• **GIVEN DATA**:
▼
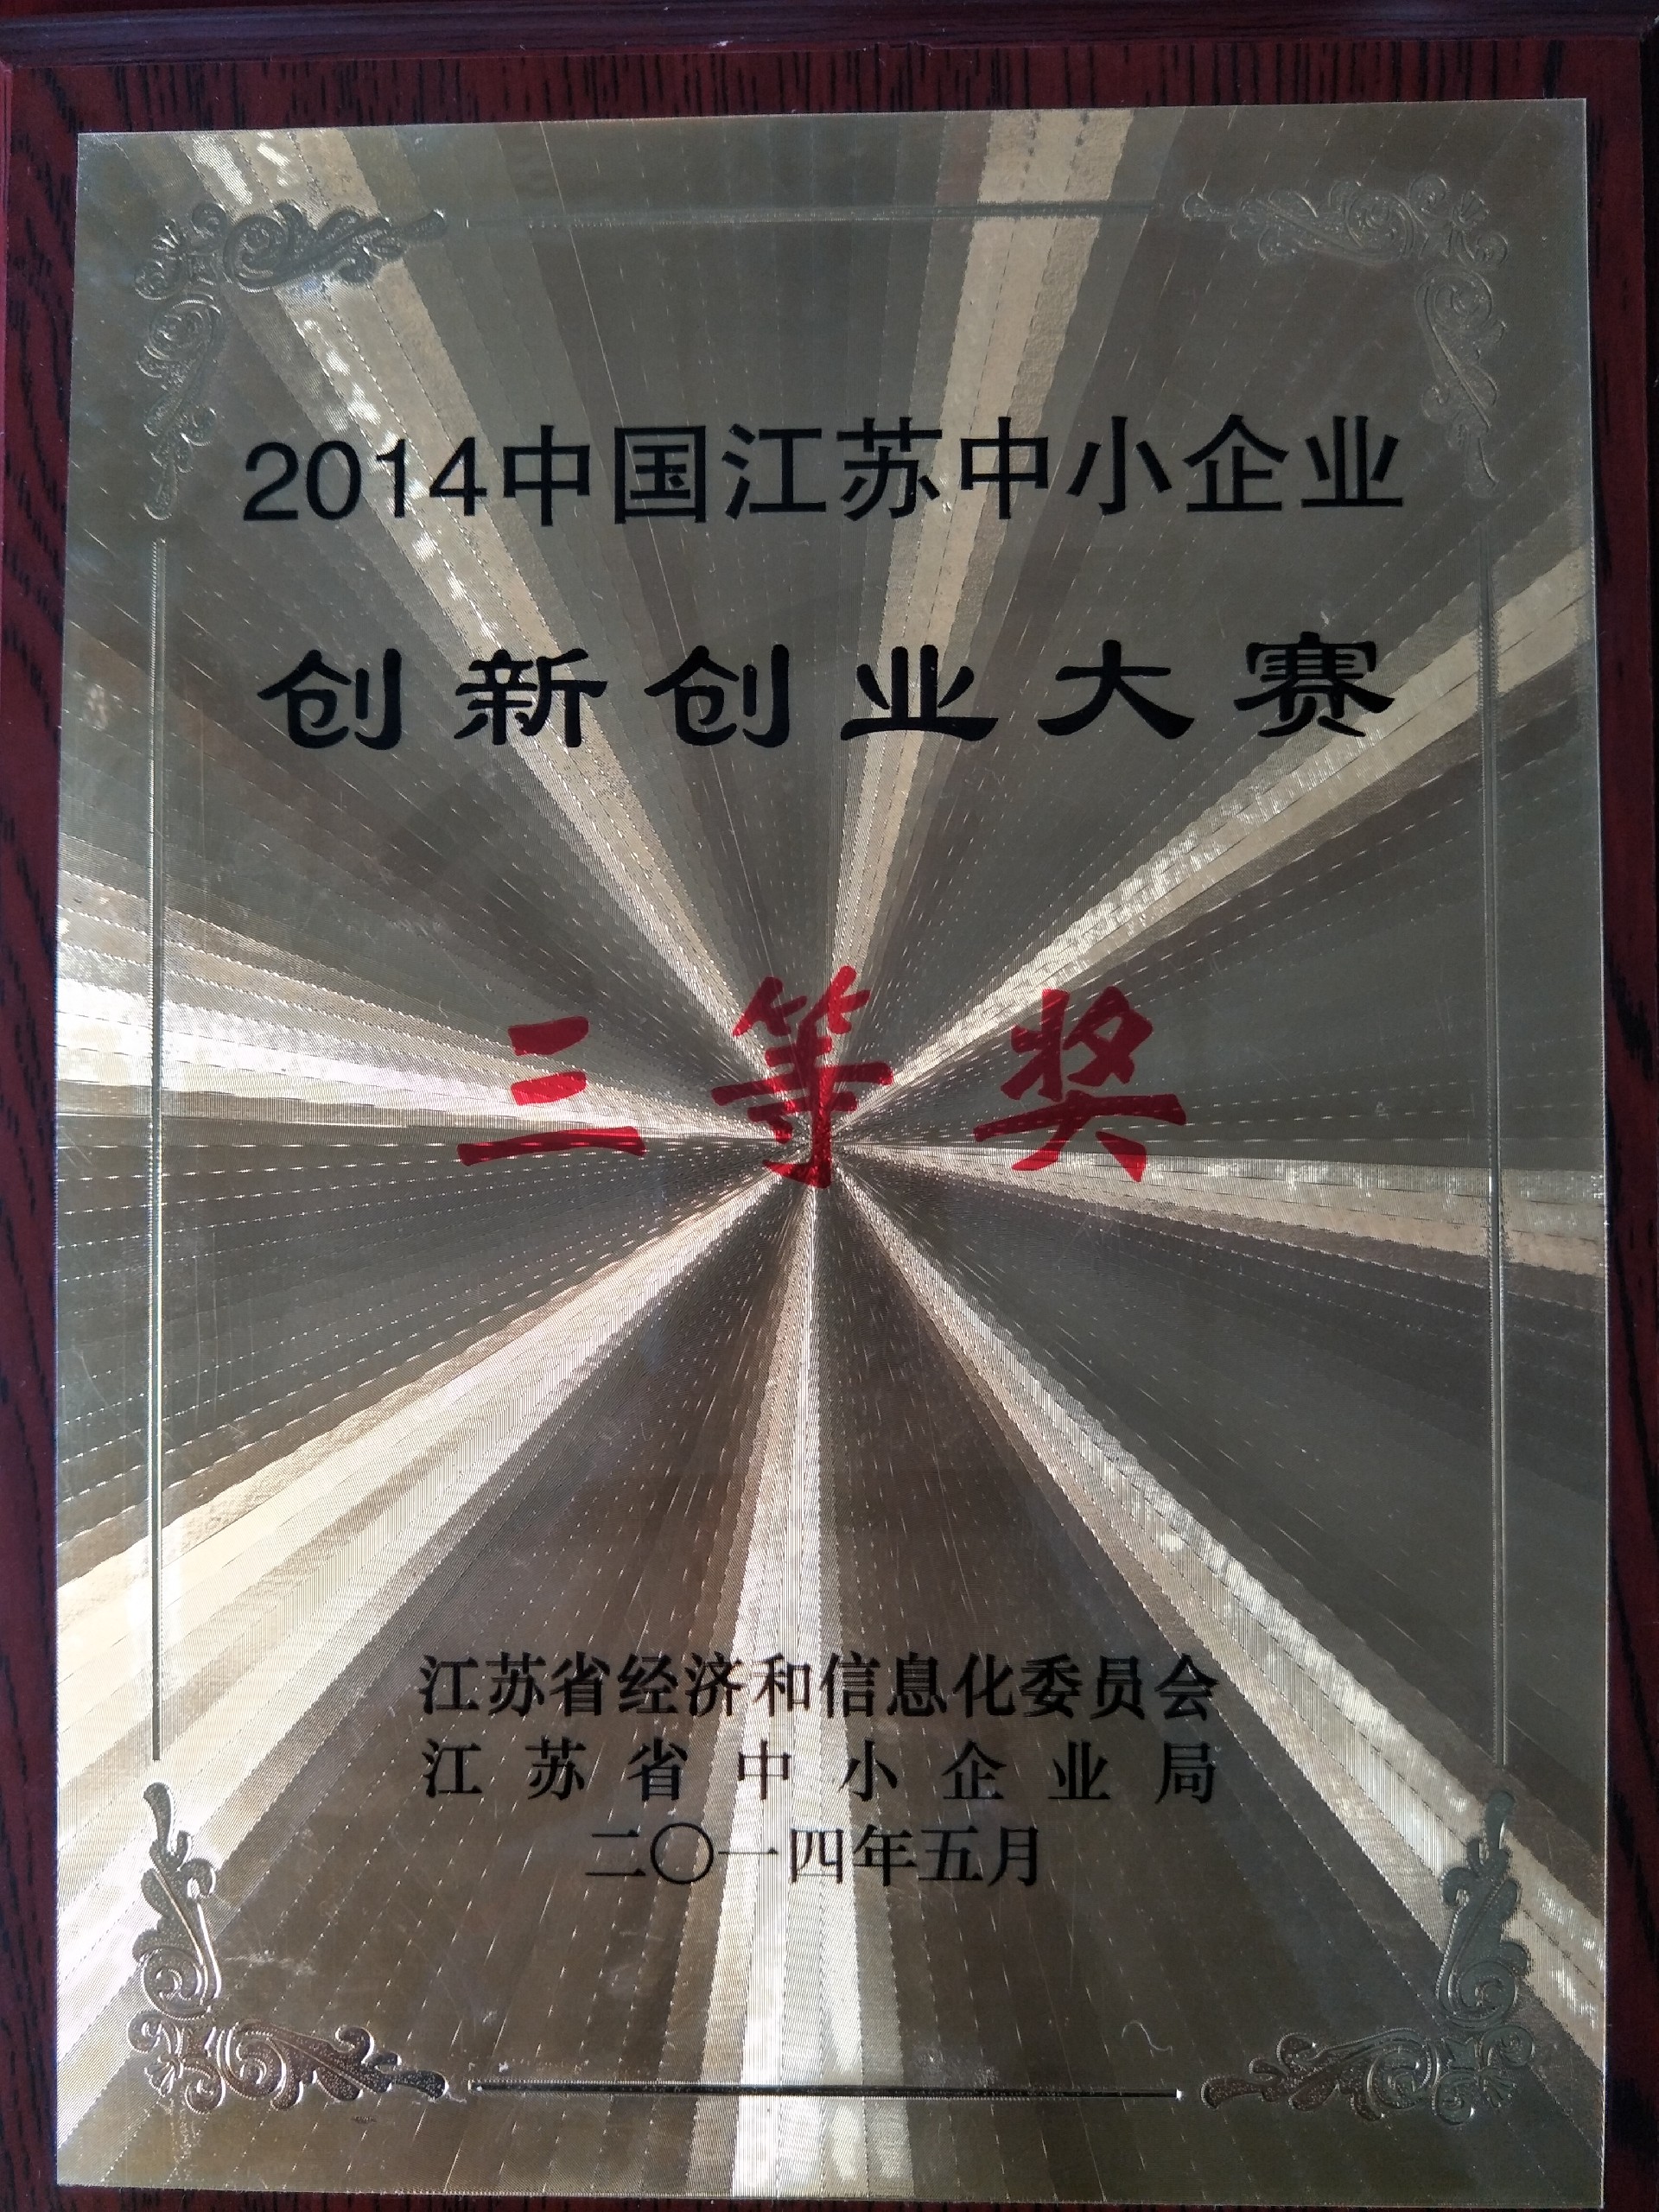 祝贺我公司在“2014中国江苏中小企业创新创业大赛”荣获三等奖
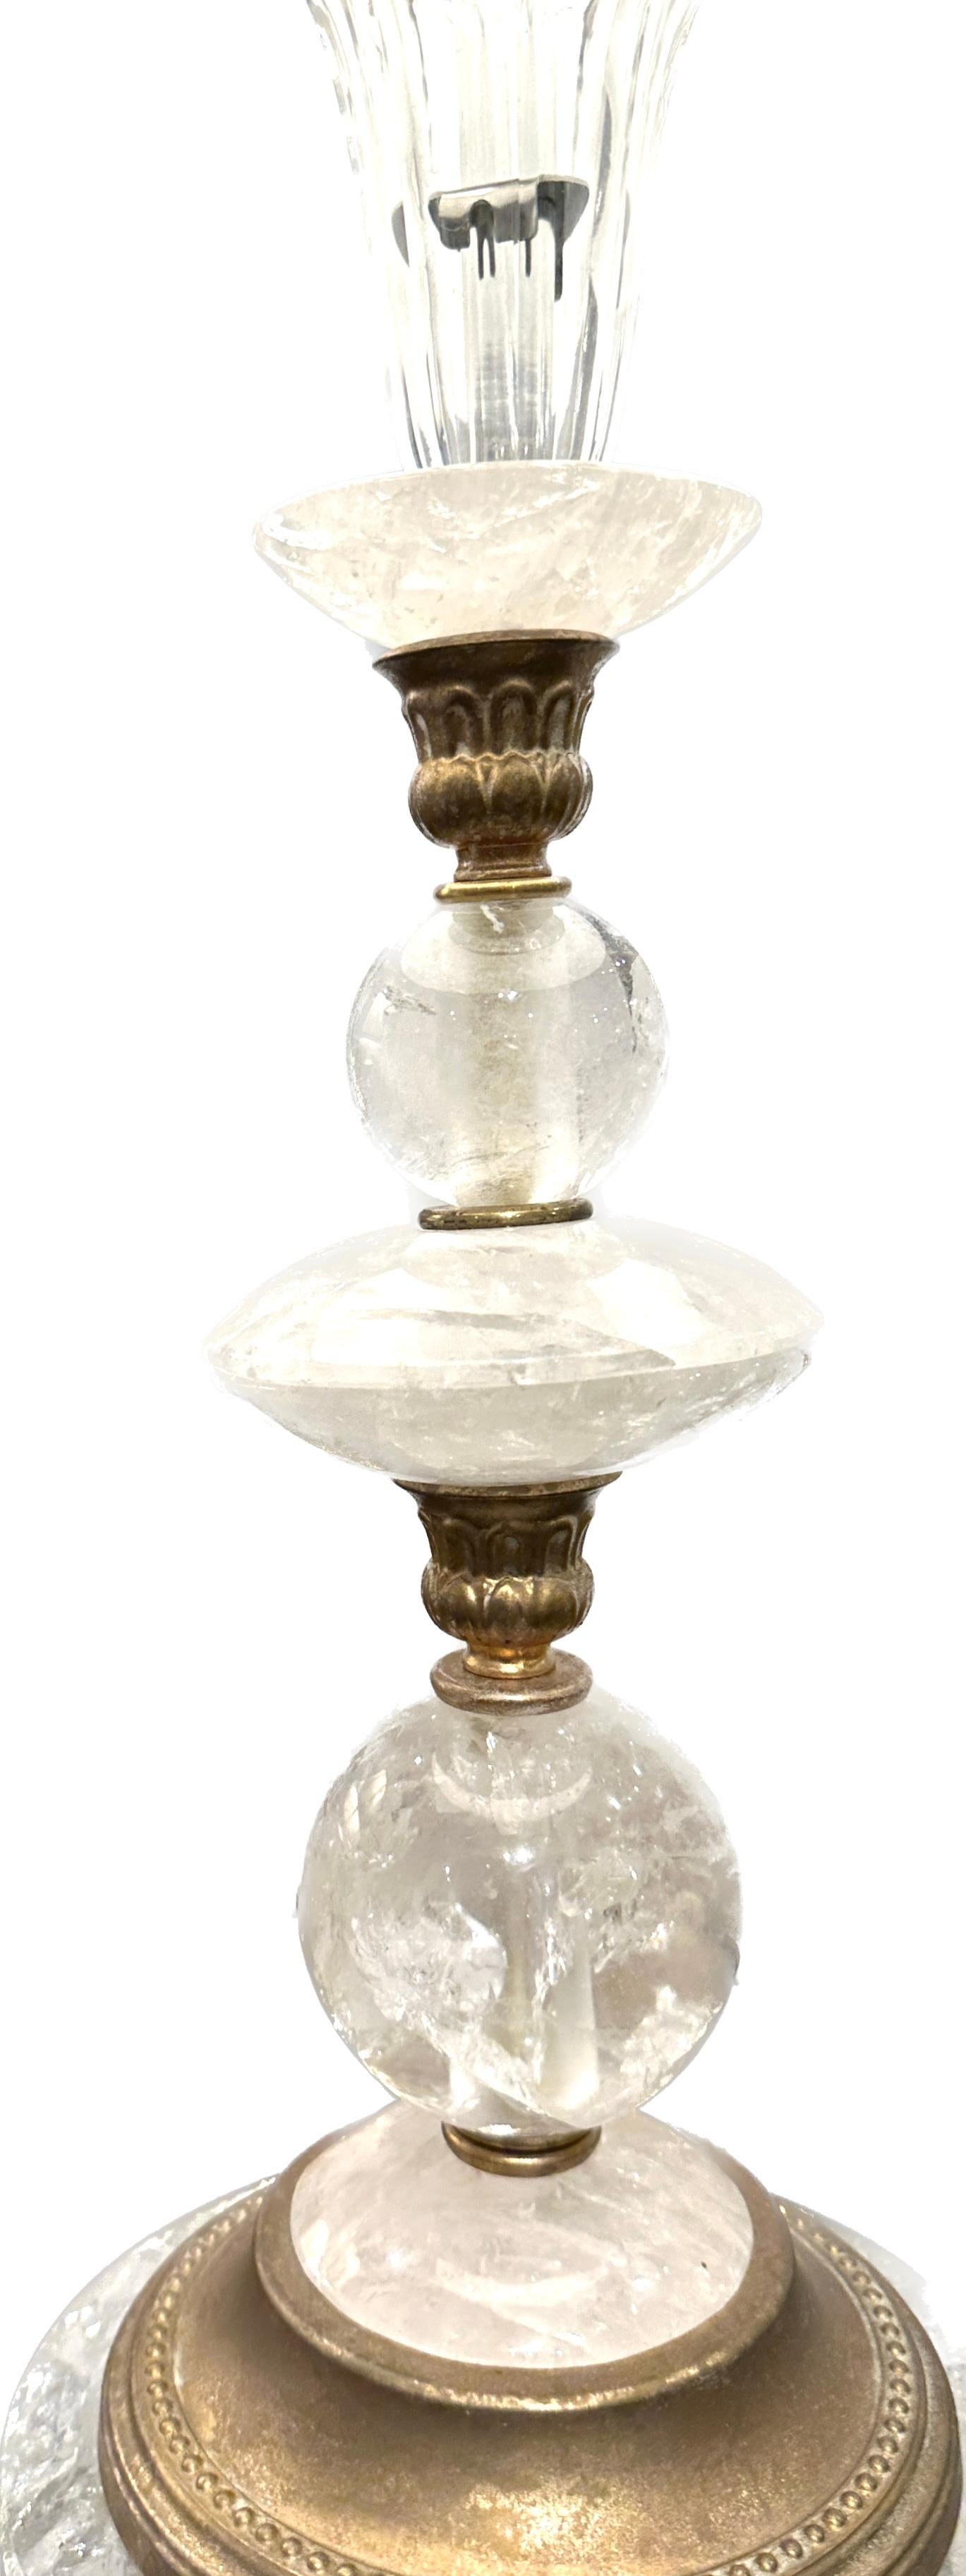 Vintage Bergkristall-Tischlampe mit rundem vergoldetem Sockel, dazwischen dekorative Zierleisten aus vergoldetem Metall.  Abgeschlossen mit Bergkristall-Finiale.
17
▲
• **GOAL OF THE EXERCISE**:
Set down, in exact form, only the lines that start at the one containing "Vintage Bergkristall-Tischlampe mit" and finish at the last line of the material; pictures do not go in.

• **RESPONSE TO THE EXERCISE**:
 Vintage Bergkristall-Tischlampe mit rundem vergoldetem Sockel, dazwischen dekorative Zierleisten aus vergoldetem Metall.  Abgeschlossen mit Bergkristall-Finiale.
17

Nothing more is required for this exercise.